- _What is expected_
Please return the lines below verbatim, beginning at the one that has "千成亭近江牛料理-近江牛握壽" and stopping after the one that has "Mercedes Benz Fashion", and add no other lines.

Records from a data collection
# # # # # # #

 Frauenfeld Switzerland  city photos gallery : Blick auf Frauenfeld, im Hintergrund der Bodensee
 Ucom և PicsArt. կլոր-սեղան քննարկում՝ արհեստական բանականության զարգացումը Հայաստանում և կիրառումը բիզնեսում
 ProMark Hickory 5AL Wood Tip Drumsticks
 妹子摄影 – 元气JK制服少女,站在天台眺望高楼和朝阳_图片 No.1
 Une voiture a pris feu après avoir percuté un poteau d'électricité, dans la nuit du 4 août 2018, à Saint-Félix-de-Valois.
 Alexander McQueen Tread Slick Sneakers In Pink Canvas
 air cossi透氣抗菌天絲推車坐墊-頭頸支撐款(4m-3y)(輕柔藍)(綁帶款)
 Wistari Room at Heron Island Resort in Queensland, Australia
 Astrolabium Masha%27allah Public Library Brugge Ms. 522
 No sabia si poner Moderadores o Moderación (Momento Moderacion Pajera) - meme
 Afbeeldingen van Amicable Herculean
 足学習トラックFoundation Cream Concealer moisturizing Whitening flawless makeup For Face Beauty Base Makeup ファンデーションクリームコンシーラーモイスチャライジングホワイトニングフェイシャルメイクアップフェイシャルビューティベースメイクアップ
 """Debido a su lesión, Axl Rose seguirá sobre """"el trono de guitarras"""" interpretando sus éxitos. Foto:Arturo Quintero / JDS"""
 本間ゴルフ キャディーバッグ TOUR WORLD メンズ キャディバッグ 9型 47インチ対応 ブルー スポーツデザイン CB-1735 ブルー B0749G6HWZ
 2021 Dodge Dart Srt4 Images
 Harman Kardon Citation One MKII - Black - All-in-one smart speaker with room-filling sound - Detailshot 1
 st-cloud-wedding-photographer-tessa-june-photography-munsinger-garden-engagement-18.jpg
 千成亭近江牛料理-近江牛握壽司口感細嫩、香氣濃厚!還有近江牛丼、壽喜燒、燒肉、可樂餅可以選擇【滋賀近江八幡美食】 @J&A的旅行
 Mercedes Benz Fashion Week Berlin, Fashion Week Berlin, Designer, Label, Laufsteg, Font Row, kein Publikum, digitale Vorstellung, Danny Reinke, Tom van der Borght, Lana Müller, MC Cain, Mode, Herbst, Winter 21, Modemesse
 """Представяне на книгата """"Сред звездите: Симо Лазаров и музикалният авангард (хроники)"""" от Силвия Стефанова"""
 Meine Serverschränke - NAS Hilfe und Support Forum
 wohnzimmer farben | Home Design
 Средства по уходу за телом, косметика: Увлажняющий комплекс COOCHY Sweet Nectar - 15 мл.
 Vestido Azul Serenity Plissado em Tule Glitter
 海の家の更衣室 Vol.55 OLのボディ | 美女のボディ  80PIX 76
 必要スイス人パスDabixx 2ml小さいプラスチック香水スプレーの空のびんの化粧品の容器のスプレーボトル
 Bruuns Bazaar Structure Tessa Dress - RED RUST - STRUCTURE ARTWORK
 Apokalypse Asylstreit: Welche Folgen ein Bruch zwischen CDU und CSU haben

# # # # # # #

- _Answer to the exercise_
 千成亭近江牛料理-近江牛握壽司口感細嫩、香氣濃厚!還有近江牛丼、壽喜燒、燒肉、可樂餅可以選擇【滋賀近江八幡美食】 @J&A的旅行
 Mercedes Benz Fashion Week Berlin, Fashion Week Berlin, Designer, Label, Laufsteg, Font Row, kein Publikum, digitale Vorstellung, Danny Reinke, Tom van der Borght, Lana Müller, MC Cain, Mode, Herbst, Winter 21, Modemesse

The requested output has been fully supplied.